This outcome was obtained thanks to the RADAR altimetry data collected on the 49th flyby of Saturn's largest moon on December 21, 2008 with the radar instrument which scanned Ontario Lacus. The height variations are based on the 100m-wide Fresnel zone which runs through Ontario Lacus. The radar echo of the area covering thousands of square metres was higher than expected and it severely saturated the receiver. As a result, the team was forced to design a method to partially correct the echoes for the distortion engendered.
Lauren Wye explained: "It's like if you had a flashlight and you shined it straight down at a mirror, and it blinds you when you look down at it." The surface appears 10 times as flat as previous measurements were able to unveil. Lauren Wye said: "It's very hard to imagine a solid surface that is smooth on the order of millimetres." Howard Zebker argued: "Unless you actually poured concrete and spread it really, really smoothly, you'd never see something like that on Earth."
Spectroscopic data obtained with the VIMS in December 2007 showed that at least a thin layer of liquid made of ethane was present at Ontario Lacus. Most scientists believe that the body of liquids is filled with mixtures of ethane and methane.

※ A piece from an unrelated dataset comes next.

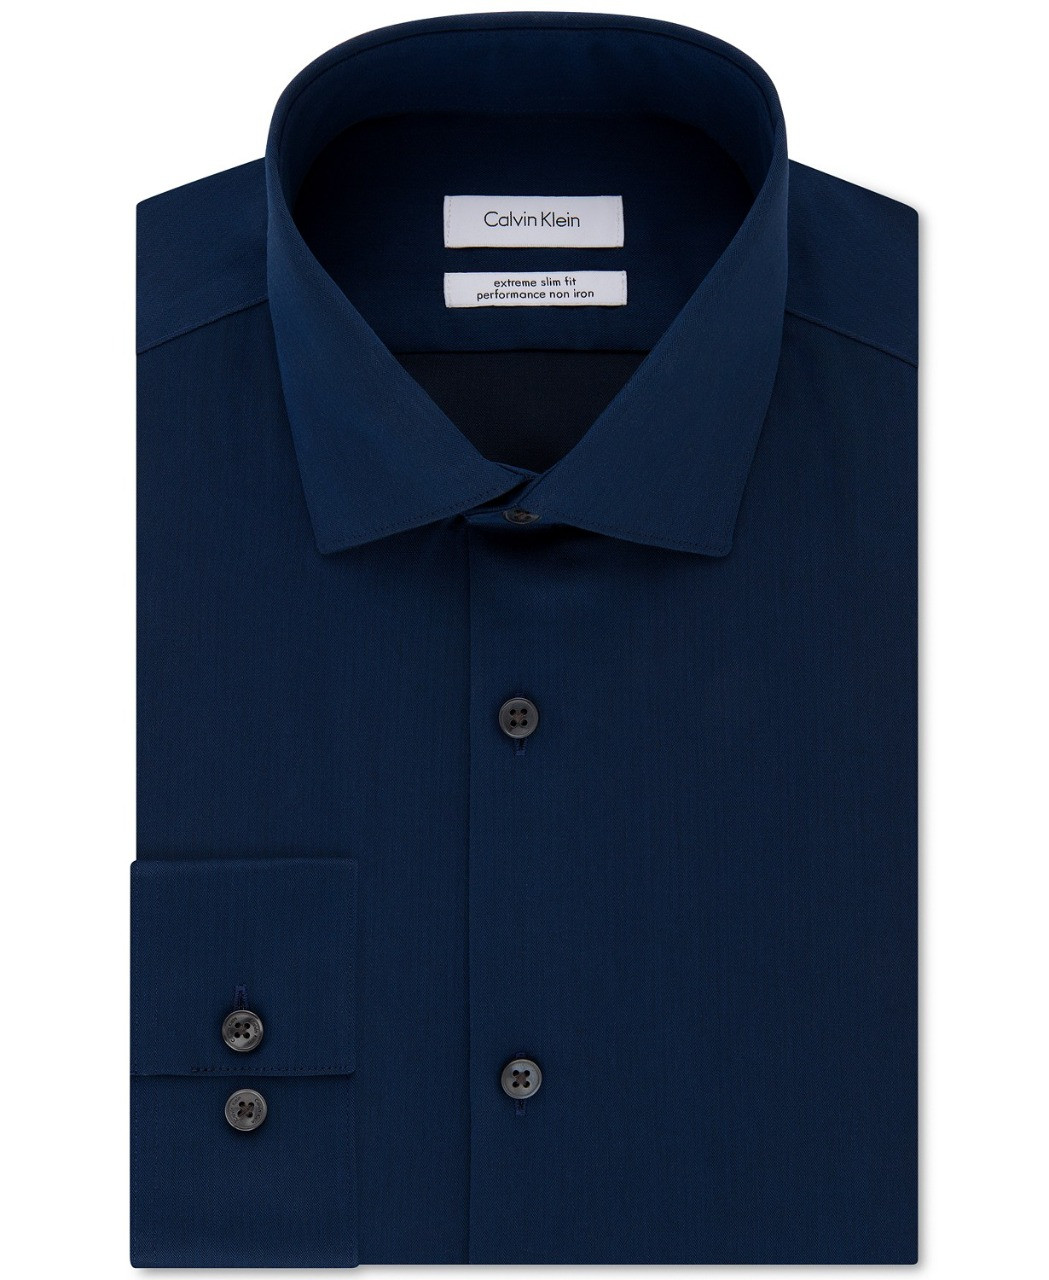 Calvin Klein Рубашка мужская 2000000342597 - фото 2
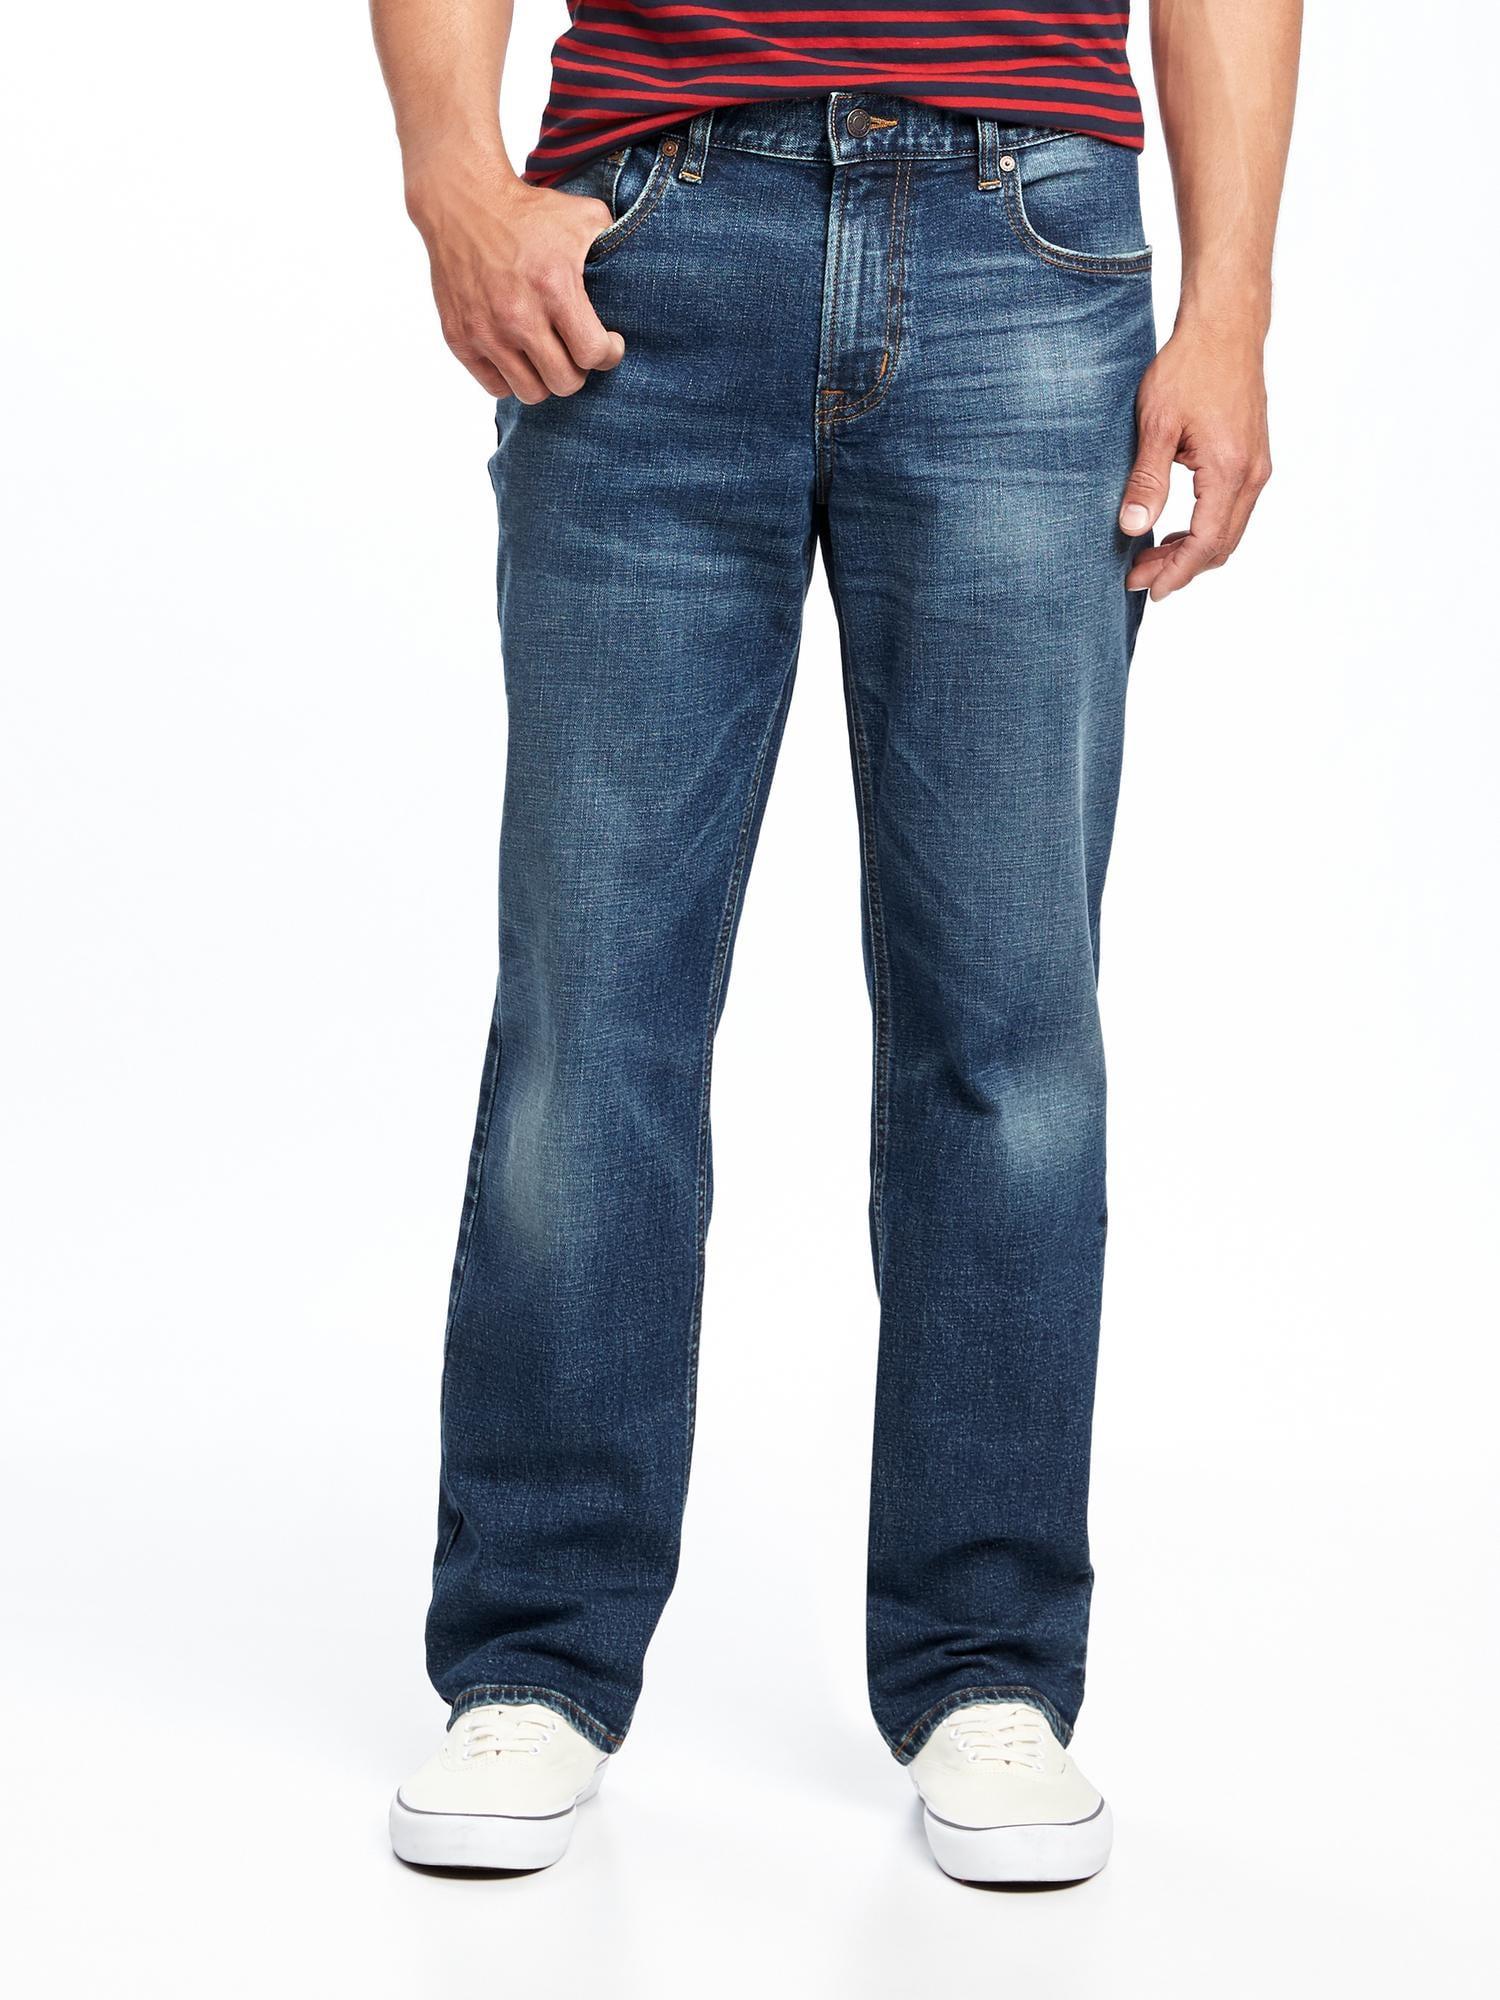 Big Star Jeans Mens Relaxed Fit Denim Light Blue

The smoothness of the lake contradicts earlier computer simulations (from Dr Nadeem Ghafoor of Surrey Satellite Technology, Professor John Zarnecki of the Open University, Dr Meric Srokecz and Dr Peter Challenor of the Southampton Oceanography Centre) which had shown that waves would be seven times as high and long as those on our planet.
Indeed, the main physical data in Titan's environment are radically different from those on Earth: the gravity is weaker than the gravity of our moon, that is 7 times weaker than that on Earth and the atmospheric pressure at surface level is higher than on Earth at about 1.5 bar. And the winds are expected to be relatively strong in the equatorial region of Titan. Are they strong in the south polar region? The smoothness of the lake implies an unusually quiet wind.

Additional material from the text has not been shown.